Once again, the actual battle hinged on various arcana of IP law. Judge Marilyn Hall Patel’s first published ruling in the matter, for example, refused to dismiss the suit against Napster under a safe-harbor provision of the DMCA.21 But technicalities aside, the real issues were clear. The RIAA and the record companies contended that though Napster didn’t circulate music itself—or even allow any music to pass through its own centralized system—it was still contributing to copyright infringement. The entire Napster network, they claimed, was set up to make infringement easy. What’s more, they somehow felt that Napster’s own Web site, which touted its network as the “world’s largest MP3 music library” and promised its members “the availability of every song online,” was designed to encourage infringement. They also argued that Napster users could hardly hide behind the fair-use doctrine. After all, while the concept of “fair use” may be amorphous (like pornography, something that you know when you see it), the idea that “the entire population of the Internet” constitutes a small circle of friends with whom it’s fair to share does strain credulity. Finally, they explained that Napster was making it impossible for them to launch the wonderful, legitimate online music distribution that they had planned, because no one would ever pay to use their legitimate system while Napster made identical pirated copies of their products available free of charge.

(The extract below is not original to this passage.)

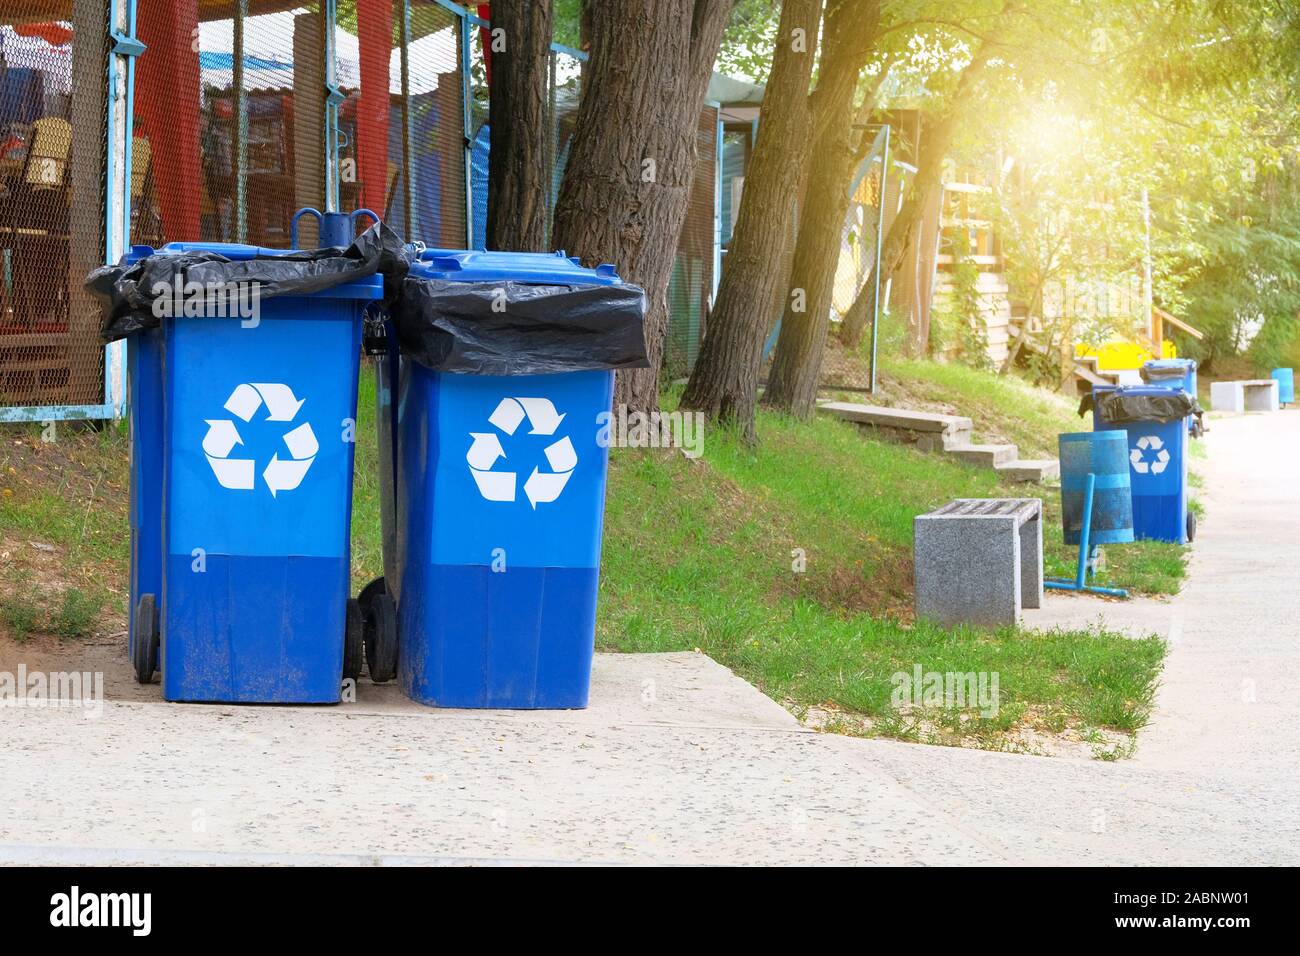 Garbage Collection. Den blauen Container für die weitere Verarbeitung von Müll. Recycling von Abfällen Konzept. Sonnenschein. Stockfoto

These arguments all sounded reasonable, and Napster’s legal team knew that it needed help. Napster turned to David Boies, the superstar litigator who represented the government against Microsoft. Napster’s basic argument was simple: it wasn’t doing anything wrong. Napster was just a search engine, an index, a file directory. That some of its members conceivably might use this directory to infringe the record companies’ copyrights could cause the RIAA to chase those members, but what does that have to do with Napster? (“It wasn’t me.”) Furthermore, Boies argued that copyright is intended as a tool of public policy.
Copyright is therefore an incentive that we as a society grant so that we may have better access to more original expression. In the end, the copyright laws are for the benefit of the public as a whole, not the individual copyright owners. The balance requires that these rights be limited so that we as a society can share, grow and build upon one another’s creativity. But that balance is always at risk in the struggle between copyright absolutists and those who think more limited protections are appropriate.22
Boies wanted the court to consider IP policy, to conclude that the P2P systems like Napster served the goals of promoting innovation and creativity, and thus to rule against the RIAA.
That argument—which should be quite compelling—rarely works. The courts tend to look at the text of applicable IP statutes and declare that the law is what it is; policy be damned. And to make matters worse, it’s not even clear that Napster would have won the policy debate if the courts had agreed to conduct one. Plenty of people believe that unrestricted P2P wrenches hard-earned rewards from legitimate copyright holders, curbs their incentive to innovate, and threatens to reduce musical creativity. Who knows which camp would have claimed Judge Patel? Setting aside law and policy for the moment, many people have strong moral reactions to unauthorized music downloads. Some see it as theft, plain and simple. Others see it as a benign form of civil disobedience targeted at a corporate system working to stamp out individual creativity and free speech. Had Judge Patel found this case stirring her moral center, it easily could have tilted her view of public policy. And that’s precisely why many people believe trial judges should not engage in policy debates.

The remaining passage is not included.